13 de AGOSTO (quinta-feira)
12h
A SOMBRA DE UM FUTURO
Dir.: Gabriel Borges / 19 min / Ficção / 10 anos Rosa sonha com uma imagem. O misterioso sonho não sai de sua cabeça, ela fica obcecada com a enevoada lembrança de uma figura que parece abduzir um jovem negro. Em busca de respostas, Rosa entra pela noite.

À DERIVA
Dir.: Heitor Dhalia / 110 min / Drama/ 14 anos Uma garota de 14 anos experimenta o despertar sexual e enfrenta problemas familiares durante as férias na casa de praia dos pais em Búzios, no litoral fluminense.

18h30
Retrospectiva Brasil: Zezé Motta
DEIXA
Dir.: Mariana Jaspe, 15min, 16 anos Carmen é uma mulher que vive seu último dia de liberdade antes que seu marido saia da prisão.

ZEZÉ MOTTA, LA FEMME ENCHANTÉE
Dir.: Ariel de Bigault, 56min, 14 anos O documentário retrata a vida e obra da atriz Zezé Motta. Uma artista de múltiplas facetas e uma personalidade excepcional que atravessa o cinema, a música e a cultura brasileira.

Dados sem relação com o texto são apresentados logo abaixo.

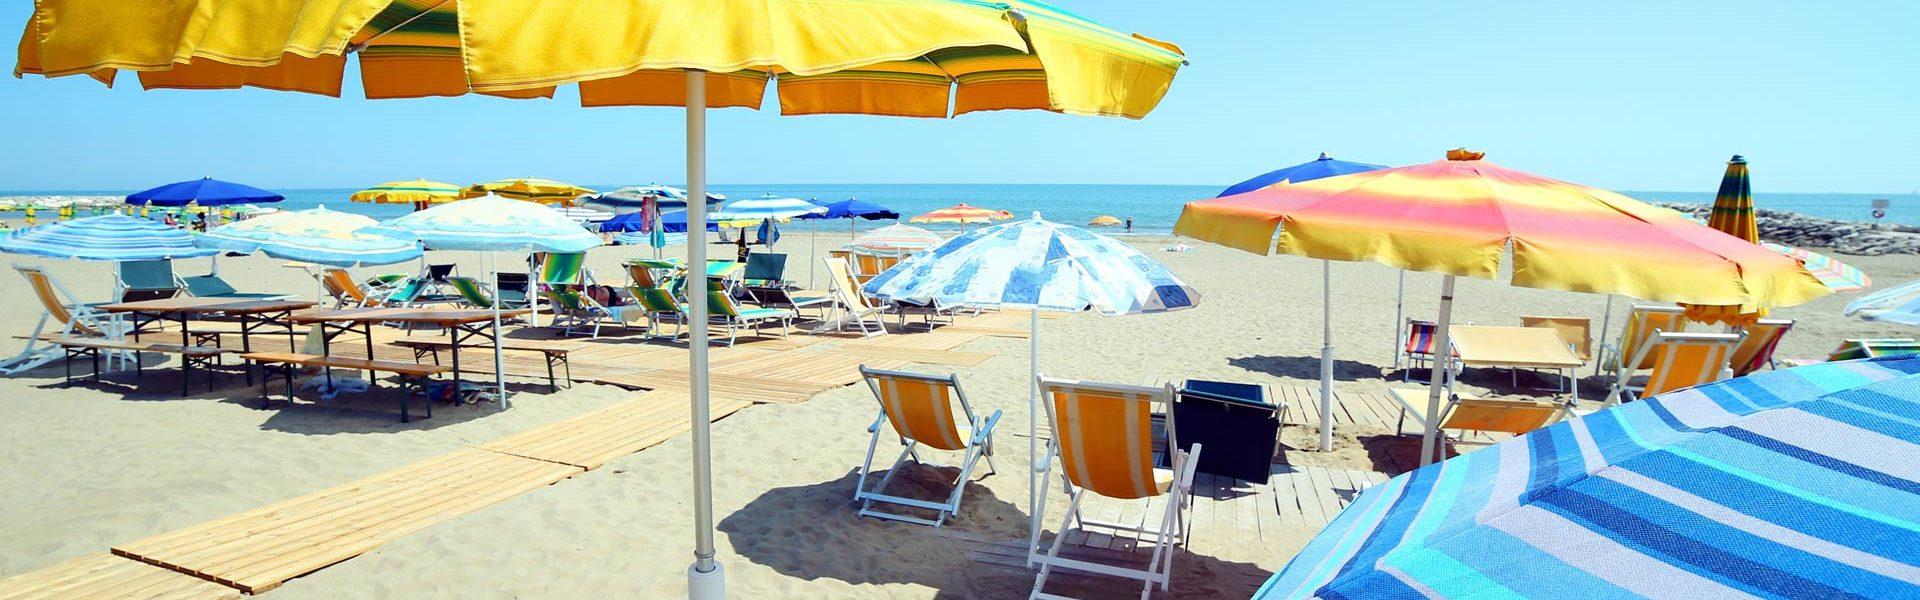 sieghart-reisen-spar-tipp-italien-igea-marina
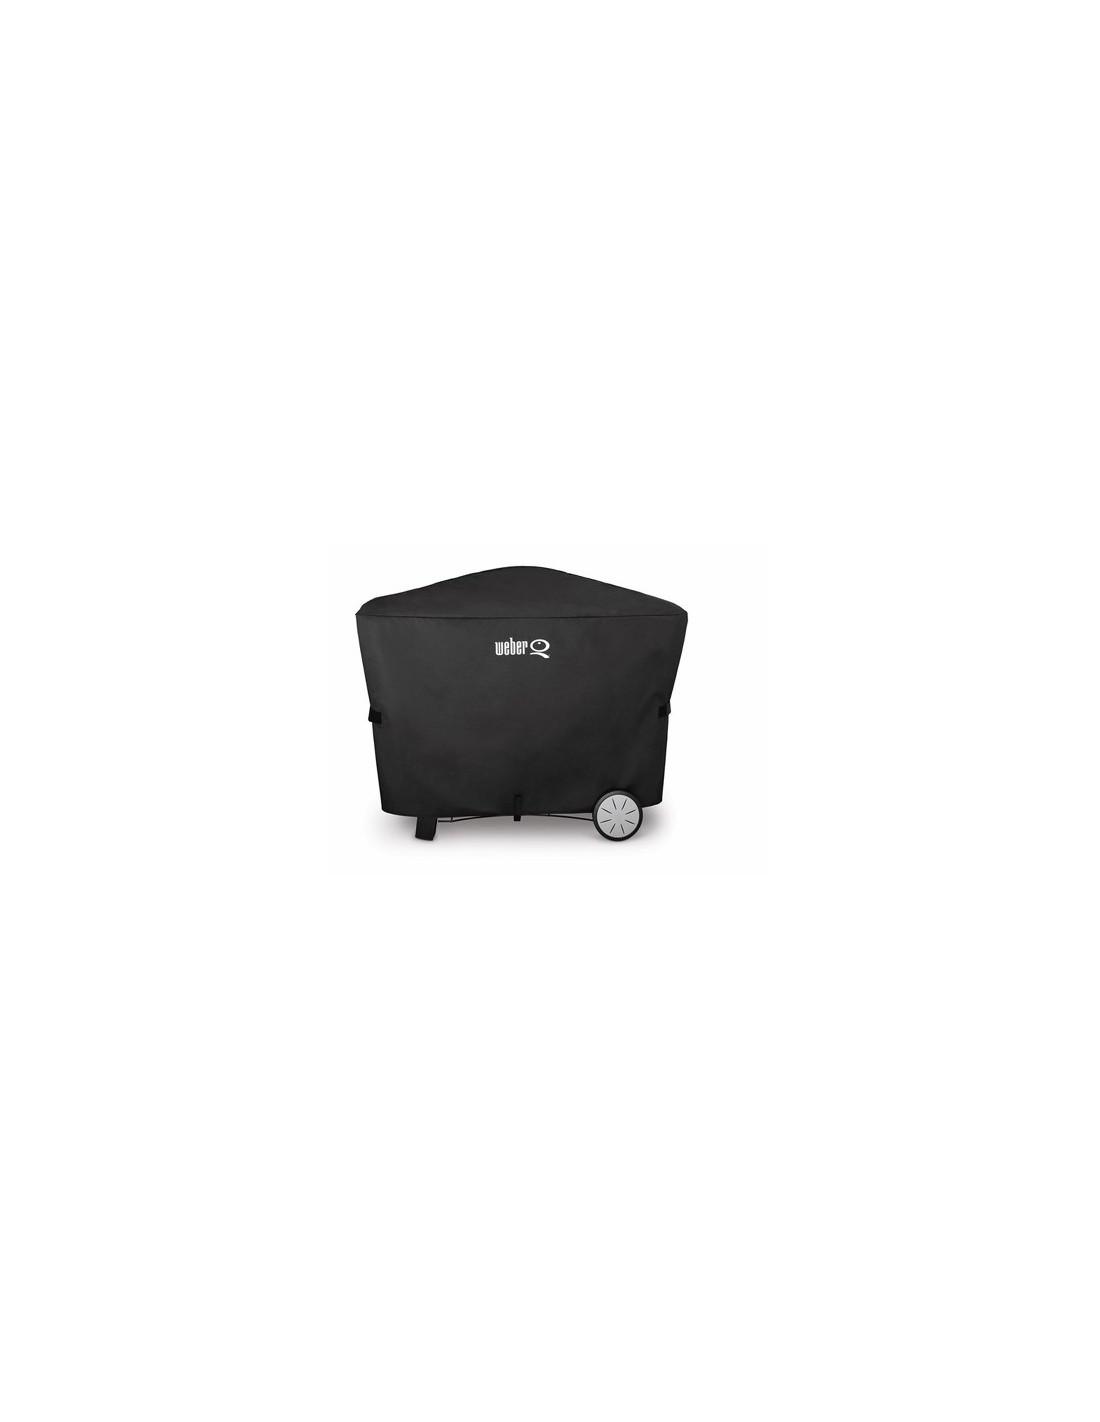 housse premium barbecue weber s ries q 2000 avec chariot et q 3000. Black Bedroom Furniture Sets. Home Design Ideas

14 de AGOSTO (sexta-feira)

12h
A SOMBRA DE UM FUTURO
Dir.: Gabriel Borges / 19 min / Ficção / 10 anos Rosa sonha com uma imagem. O misterioso sonho não sai de sua cabeça, ela fica obcecada com a enevoada lembrança de uma figura que parece abduzir um jovem negro. Em busca de respostas, Rosa entra pela noite.

FOLHAS DE OUTONO
Dir.: Flávia Moraes / 120 min / Documentário / 10 anos A turnê de despedida de Milton Nascimento, uma das maiores lendas vivas da música brasileira. O filme cobre os últimos shows de Bituca, como é carinhosamente conhecido, e captura a profunda conexão entre o artista e seus fãs.

18h30
Retrospectiva Brasil: Zezé Motta
XICA DA SILVA Dir.: Cacá Diegues, 117min, 16 anos Na segunda metade do século XVIII, a negra escravizada Xica da Silva torna-se o centro das atenções no Distrito Diamantino, onde estão as minas mais ricas do país. João Fernandes, representante da Coroa Portuguesa, apaixona-se por Xica e a transforma na Rainha do Diamante, satisfazendo todos os seus desejos extravagantes.